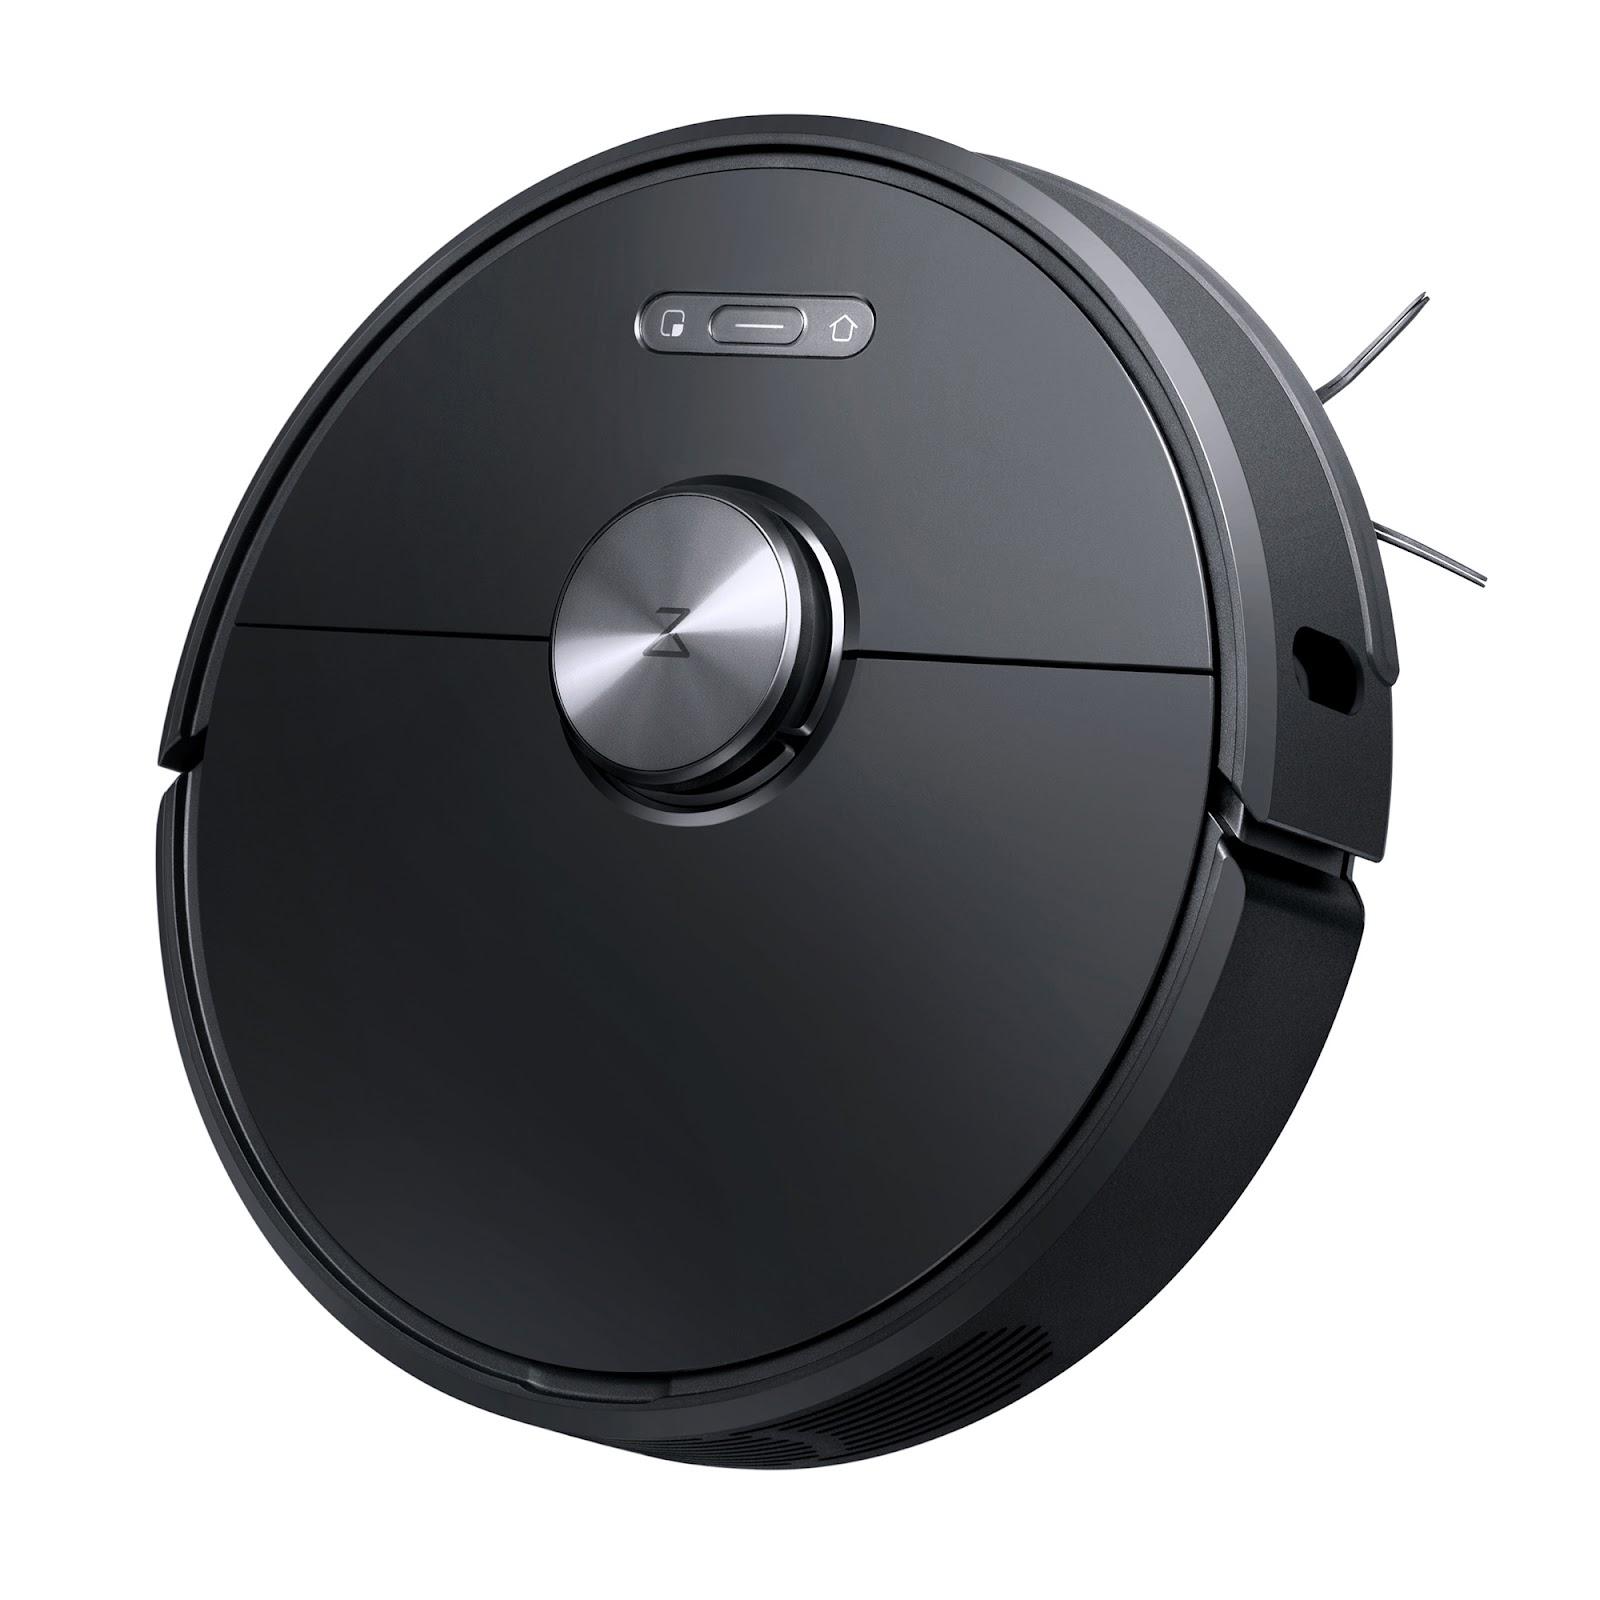 Roborock's versatile smart vacuum lineup is on sale during the Prime Days 5
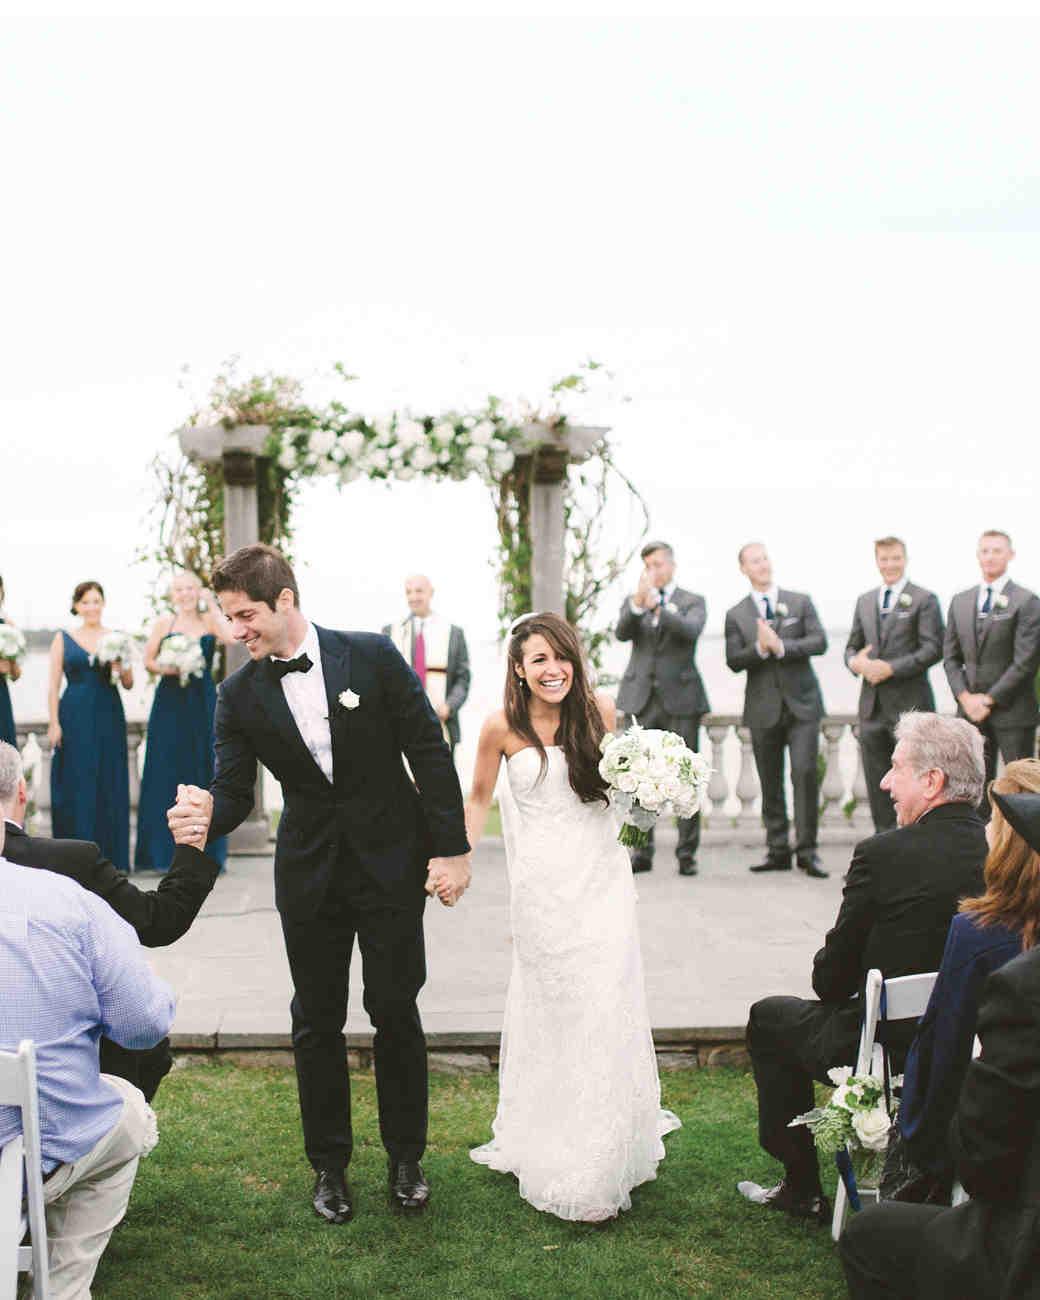 bride-groom-dsc-336-mwds110870.jpg
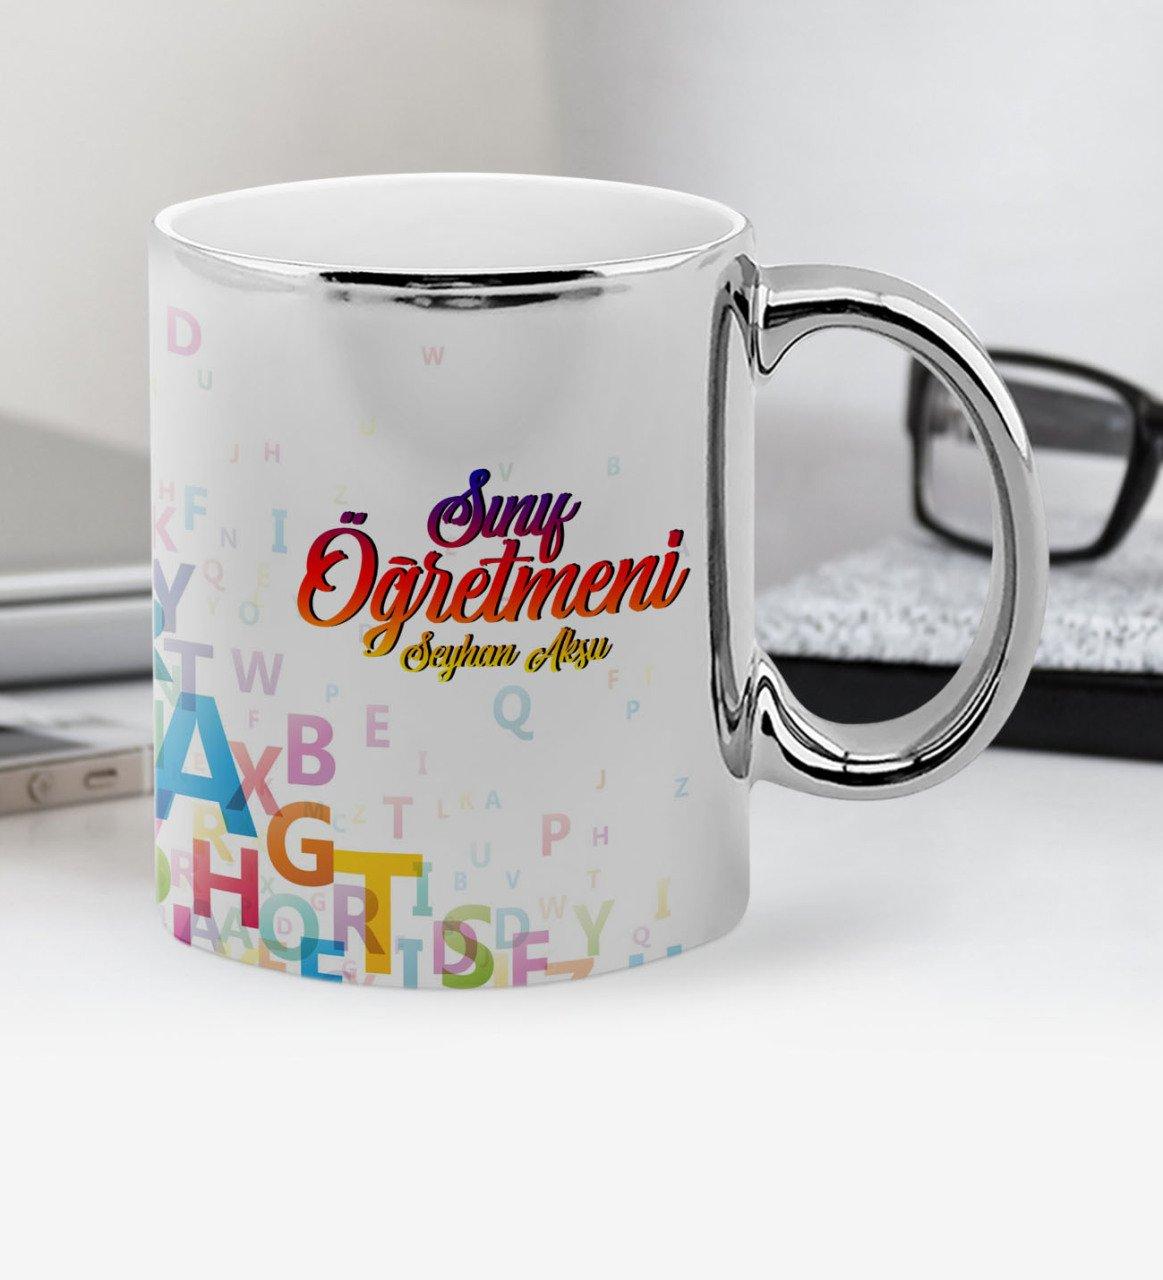 Personalized Class Teacher Chrome Mug Cup-2

Task statement
Set down each line of the material exactly and skip every image.

Expected answer
 Roborock's versatile smart vacuum lineup is on sale during the Prime Days 5
 bride-groom-dsc-336-mwds110870.jpg
 Personalized Class Teacher Chrome Mug Cup-2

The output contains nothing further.